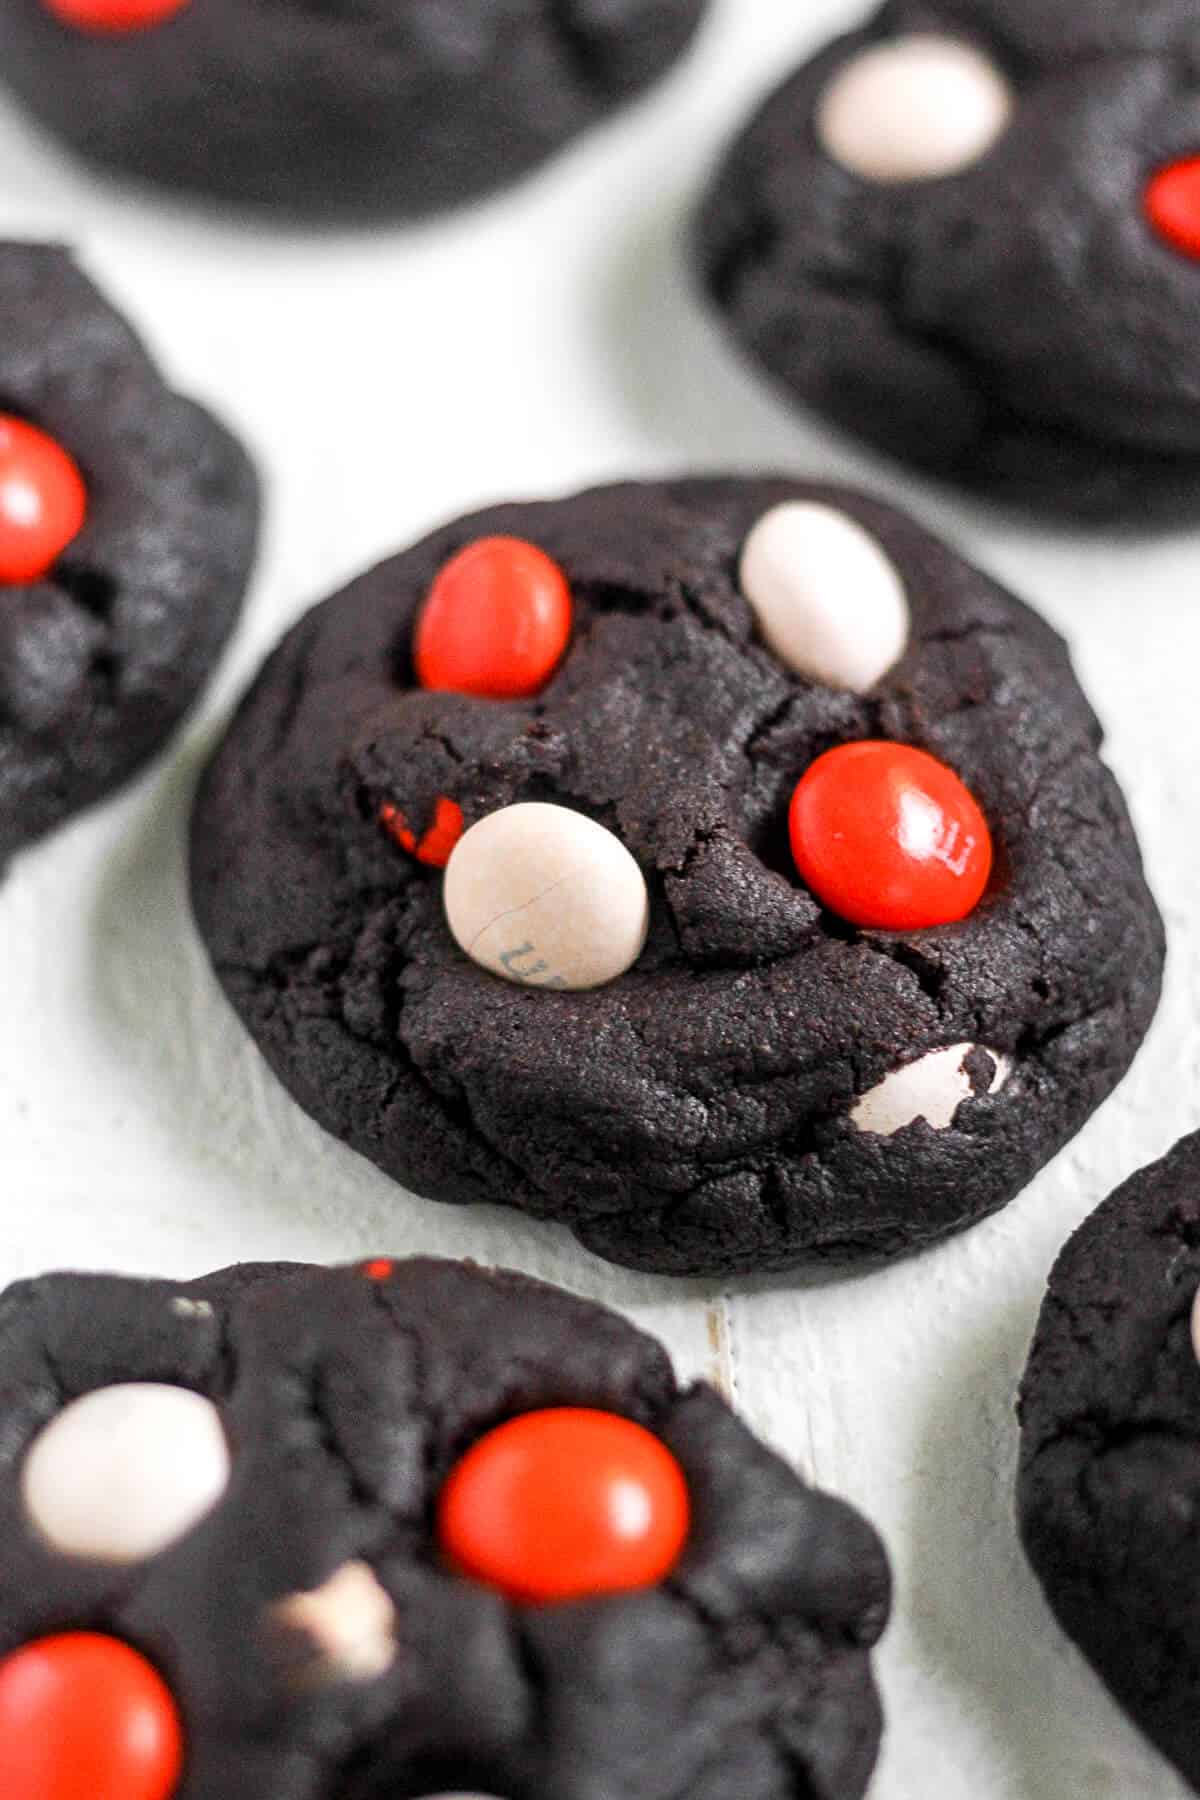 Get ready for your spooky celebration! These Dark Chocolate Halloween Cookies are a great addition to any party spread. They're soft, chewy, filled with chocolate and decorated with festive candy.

...

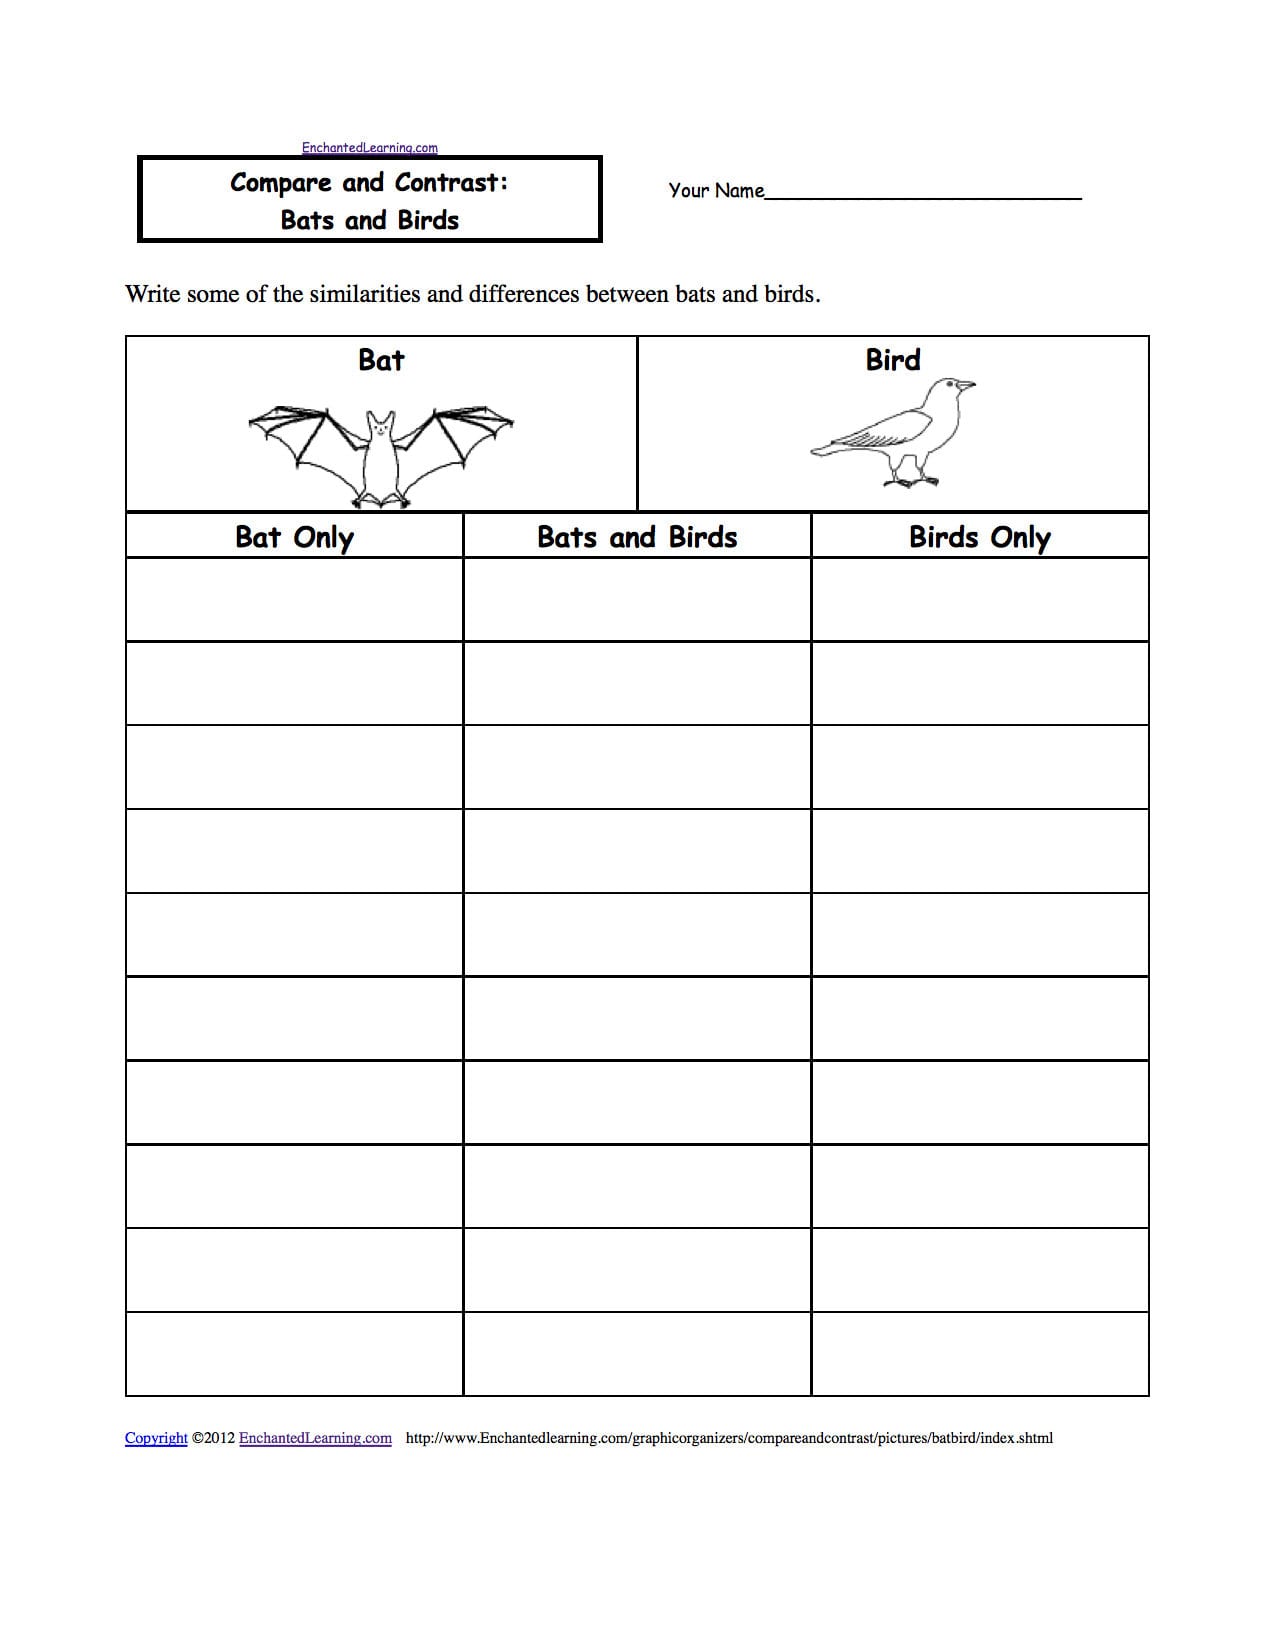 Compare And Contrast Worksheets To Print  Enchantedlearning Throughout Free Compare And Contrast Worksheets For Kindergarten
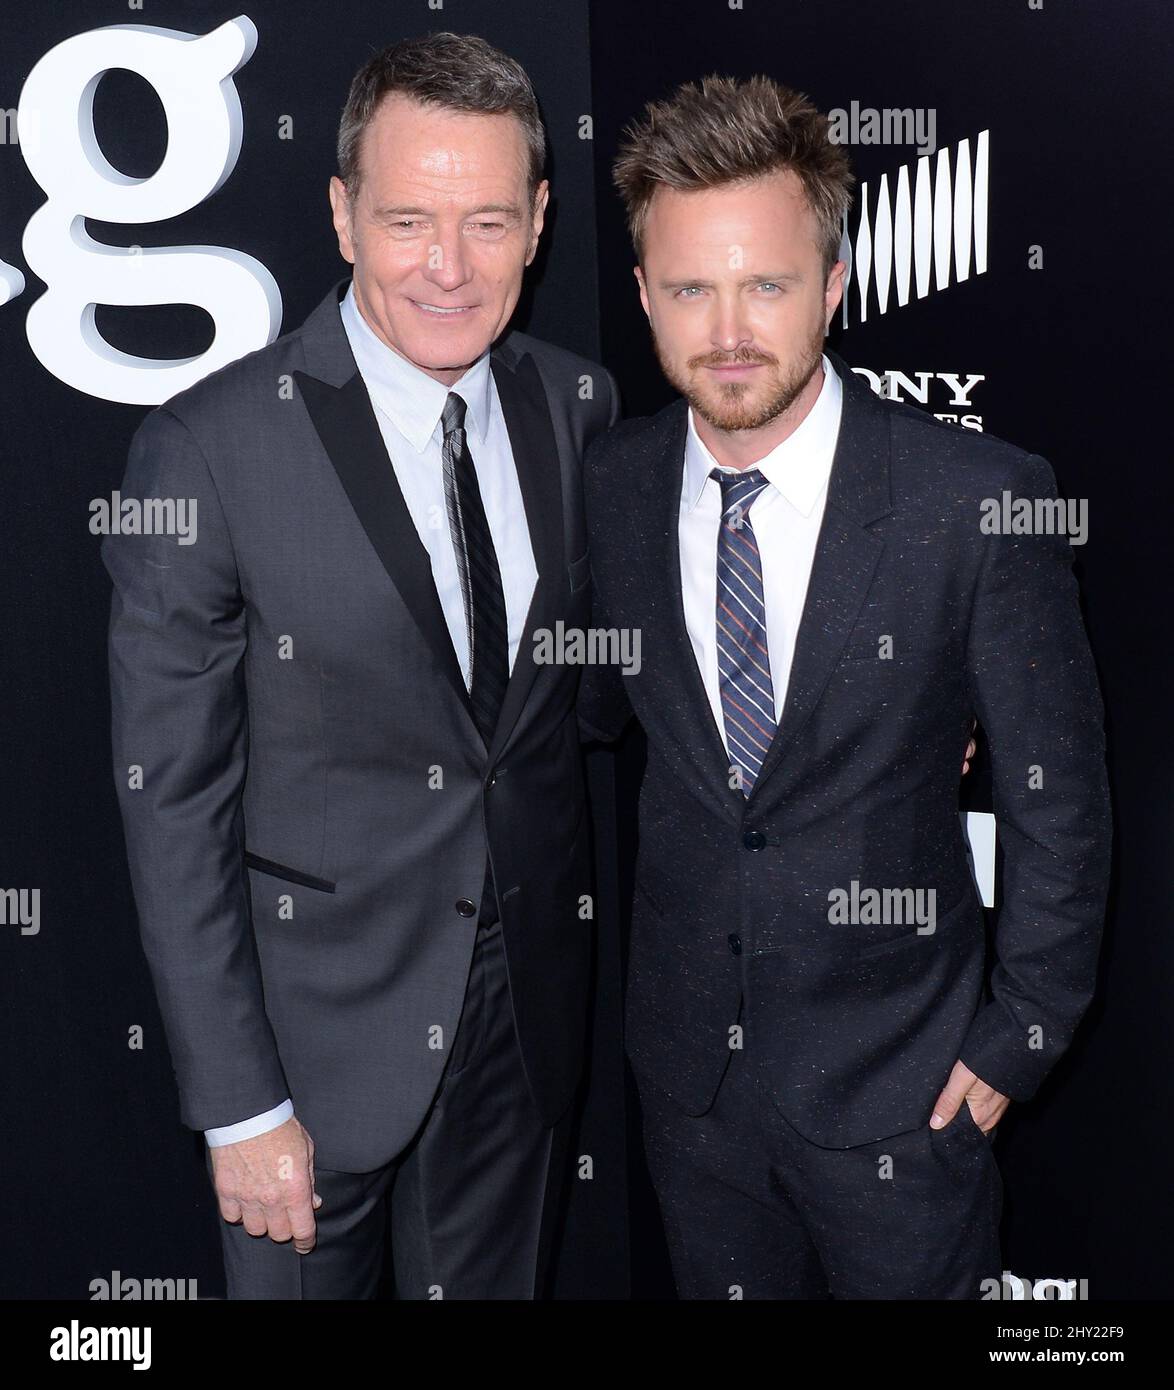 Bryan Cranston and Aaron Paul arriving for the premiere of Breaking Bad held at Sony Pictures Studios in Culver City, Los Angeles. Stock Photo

→ TASK DESCRIPTION: Beginning with the line holding "Compare And Contrast Worksheets To" in the material above, restate word for word each line through the line holding "Bryan Cranston and", and exclude pictures.

→ RESULT OF THE EXERCISE:
 Compare And Contrast Worksheets To Print  Enchantedlearning Throughout Free Compare And Contrast Worksheets For Kindergarten
 Bryan Cranston and Aaron Paul arriving for the premiere of Breaking Bad held at Sony Pictures Studios in Culver City, Los Angeles. Stock Photo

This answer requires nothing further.